Richard Hoggart’s Cultural Analysis of the British Working Class
Anthropological and Ethnographic Influences
The fundamental to an anthropological approach was to view culture as that complex whole which includes knowledge, belief, art, morals, law, custom, and any other capabilities and habits acquired by man as a member of society. It is possible to see Hoggart as viewing the working class he describes in terms of a complex whole, but he doesn’t claim to be using the intellectual tools of anthropology. Another way Hoggart borders on approaches associated with the social sciences is that his work resembles, to some extent, ethnographic techniques. Ethnography is associated with the scientific description and understanding of races and cultures. One of the techniques that researchers within ethnography have at their disposal is participant observation, where researchers mix with a community and try to win its trust in order to give an insider view. Hoggart practiced this observation, giving him a great advantage over academics trying to integrate themselves into a community. He probed the kind of everyday knowledge that is usually taken for granted within a community and reflected the social practices which constantly reaffirm collective life.

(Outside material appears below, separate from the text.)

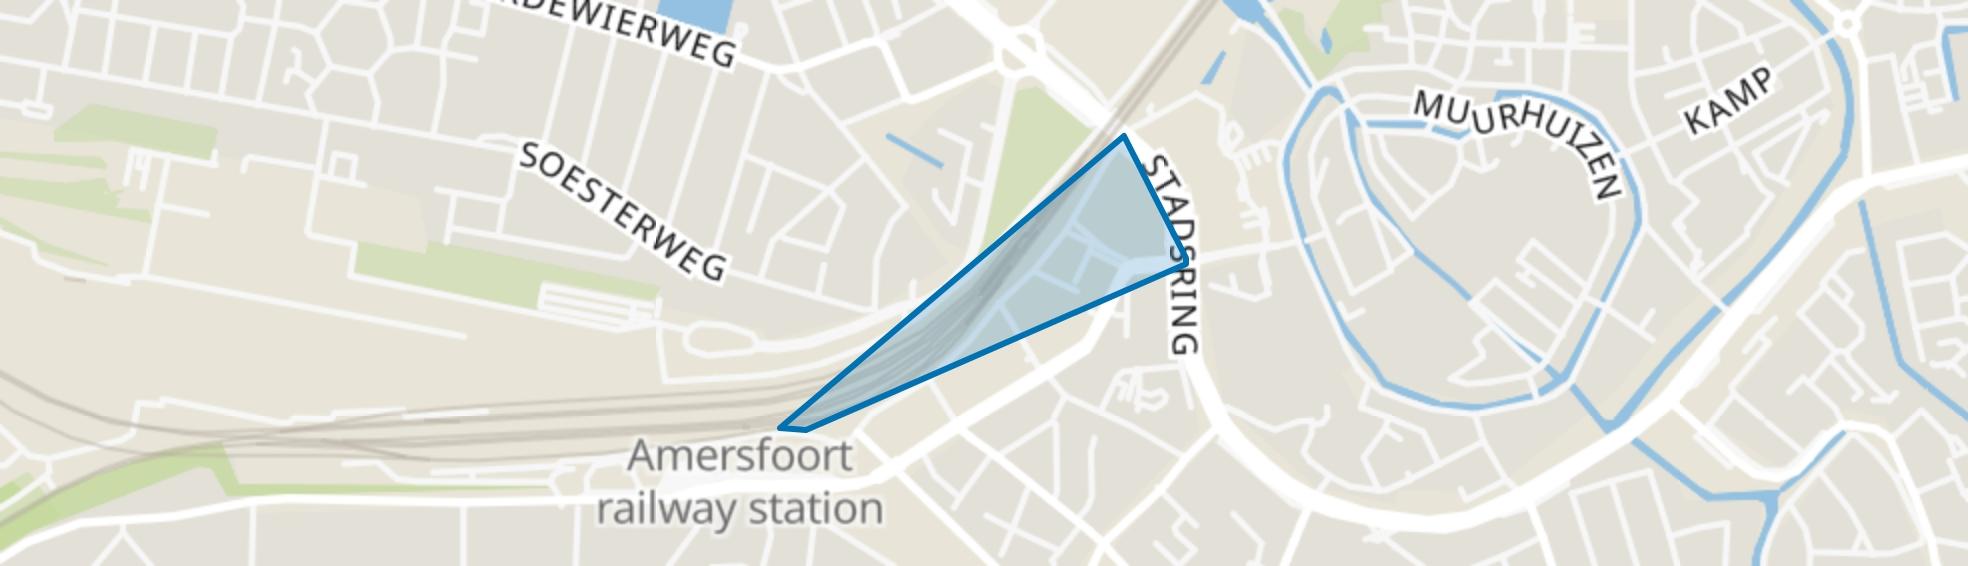 Smallepad, Amersfoort map

Hoggart’s Critique of Mass Culture
Hoggart seems to have taken cultural analysis considerably further than Adorno and the Leavises. His book still shared much in common with the way those earlier critics understood and valued mass culture. Leavis and Thompson divided the culture of the common people into two types: traditional organic and mass (consumer) culture—valuing the one and disapproving of the other. However, Hoggart’s division was rather different. He divided the working class into two categories: the older (pre-1930s) working-class culture of his youth and the Americanized mass entertainment of the 1950s, described by Hoggart as the phenomenon of the milk-bars. He also referred in his book to the Teddy Boy culture that was taking hold in Britain. He notes that boys between fifteen and twenty wear drape suits and slouch. Hoggart speculates that most of these youths are of inferior intelligence and therefore more vulnerable to the debilitating mass trends of the day.
Two Categories of Working-Class Culture
For each category, Hoggart gave a different title in order to refer to or describe them. To pre-1930s working-class culture, Hoggart gives the title The Full Rich Life; to 1950s youth culture, he offers titles like Invitations to a Candy Floss World and Sex in Shiny Packets. It could be argued that Hoggart was more able to describe the complexity and functions of the first category, rather than the fear of contemporary 1950s youth culture, leading him to reject it.

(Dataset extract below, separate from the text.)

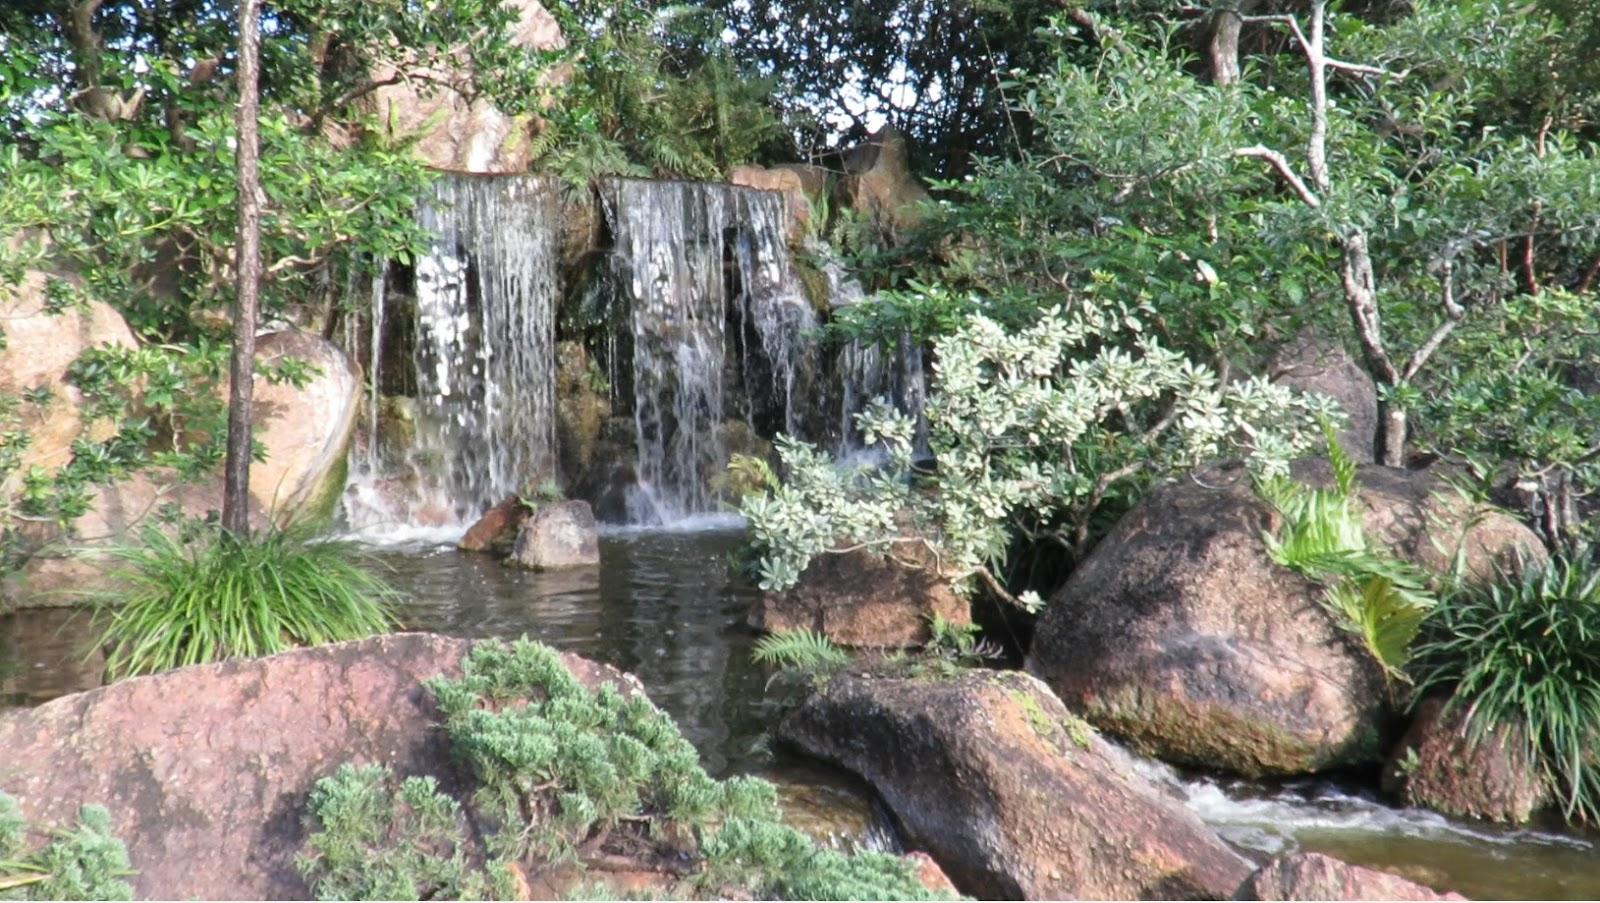 Backyard birding and nature march 2016 for Japanese meditation garden

Resistance to Mass Culture
In general, Hoggart does not see the working classes as passive victims of mass popular culture. However, he saw competitive commerce as potentially dangerous. For this reason, he never let go of the idea of active resistance, insisting that the working-class resistance is positive because they have a strong ability to survive change by adapting or assimilating what they want in the new and ignoring the rest.
Hoggart’s Legacy
Finally, what makes Hoggart’s approach different from that of Leavisism is his detailed preoccupation with, and above all, his clear commitment to the way cultural analysis has been broadened within cultural studies, and it provides a convenient bridge between the work of Hoggart and E.P. Thompson.